Walid Hassan

Personal information
- Full name: Walid Hassan Abdallah Ibrahim Al Rekabi
- Date of birth: 19 November 1991 (age 33)
- Place of birth: Tripoli, Libya
- Height: 1.75 m (5 ft 9 in)
- Position(s): Right-back

Team information
- Current team: Almahalla SC
- Number: 25

Senior career*
- Years: Team / Apps / (Gls)
- 2008–2013: Almahalla SC
- 2013–2017: Aschat SC
- 2017–2018: Al Khums SC
- 2018–2019: Ittihad Misurata
- 2019–2021: Al-Merrikh SC
- 2021–: Almahalla SC

International career^{‡}
- 2020–: Sudan / 7 / (0)

= Walid Hassan (footballer) =

Sudanese footballer (born 1991)

Walid Hassan Abdallah Ibrahim Al Rekabi (وليد حسن عبدالله الركابي, born 19 November 1991) is a professional footballer who plays as a right-back for Almahalla SC. Born in Libya, he plays for the Sudan national team.

==Career==
Hassan is a youth product of the Libyan club Almahalla SC, and began his career with them. He followed them with stints at Aschat SC, Al Khums SC and Ittihad Misurata.
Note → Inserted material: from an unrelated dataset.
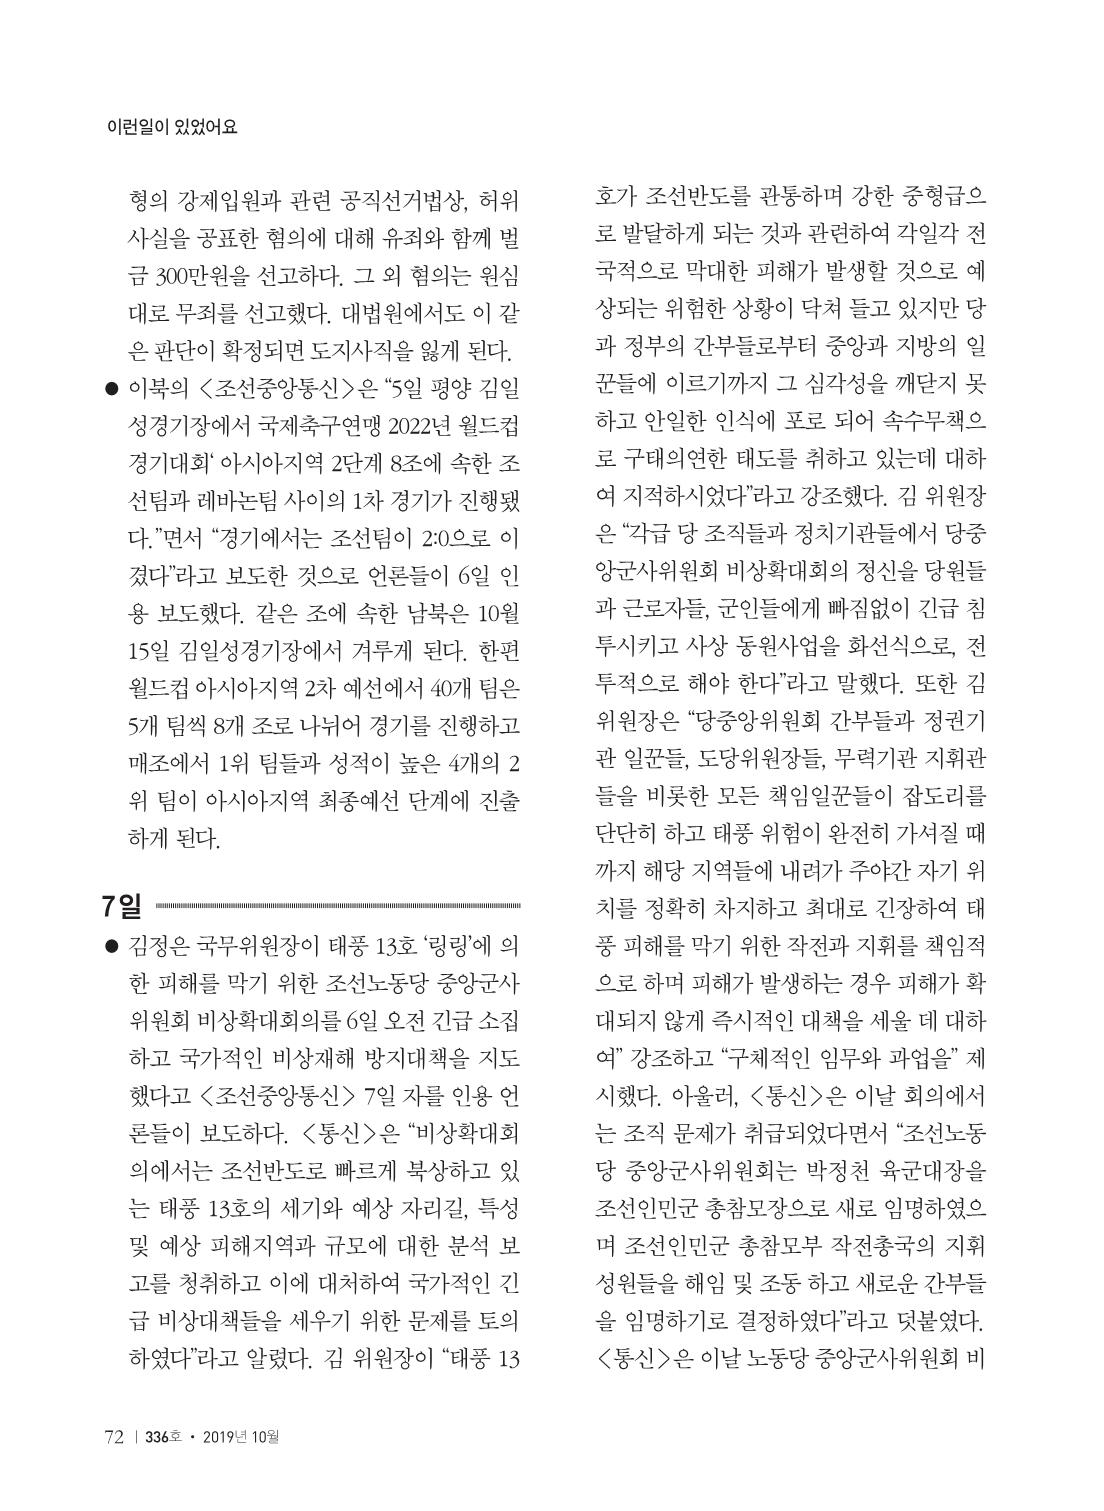 154780e2-c93e-4795-937d-bbcc14642e29.pdf-0074.jpg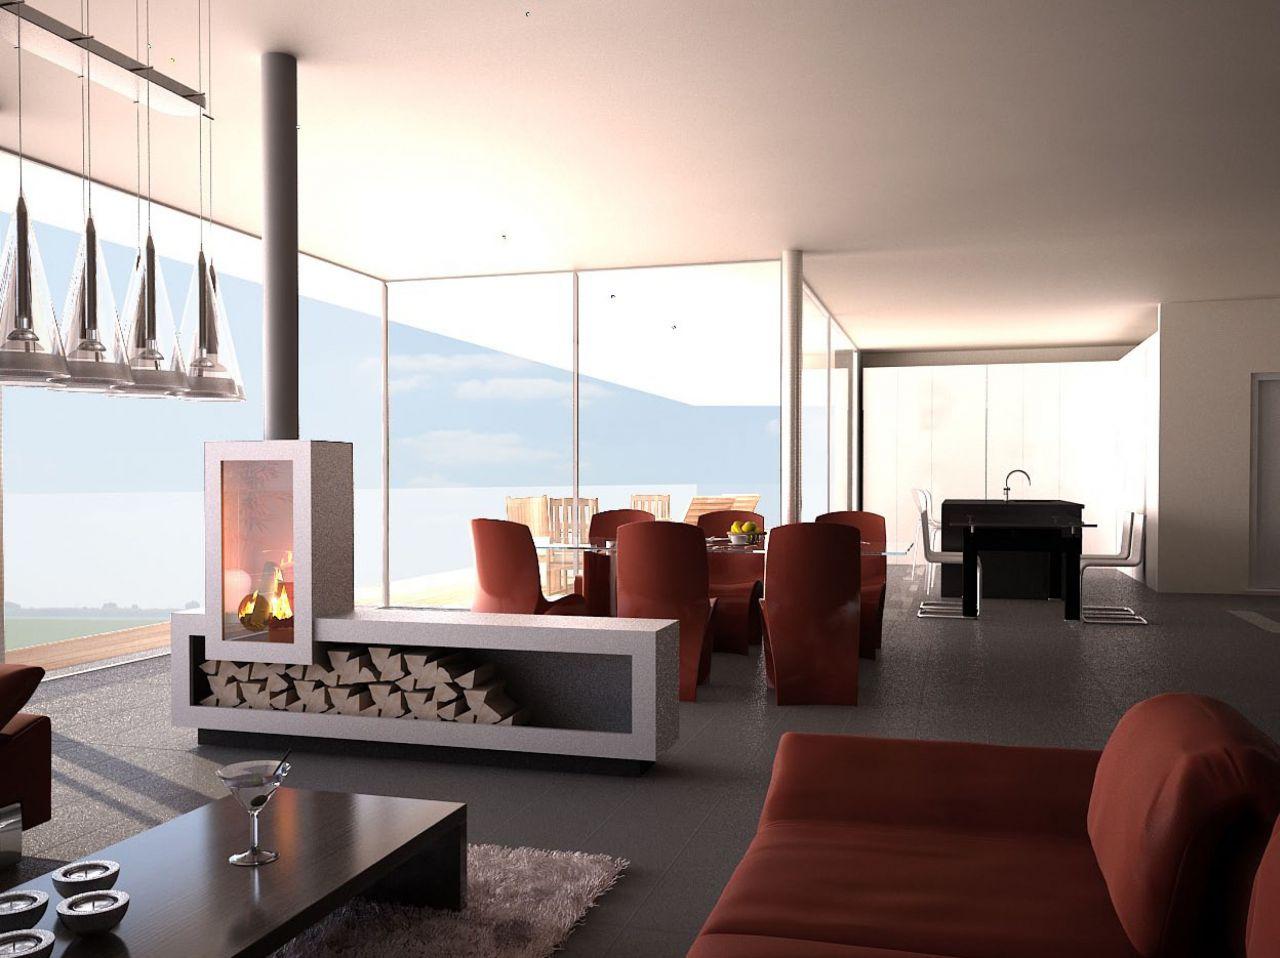 Апартаменты в Тичино, Швейцария, 182 м2 - фото 6

In 2019, after the Libyan Premier League got stopped, he moved to the Sudanese club Al-Merrikh SC. He returned to this first club Almahalla on 24 May 2021.

==International career==
Born in Libya, Hassan is of Sudanese descent. Hassan made his debut with the Sudan national team in a friendly 1–0 win over Eritrea on 25 January 2020.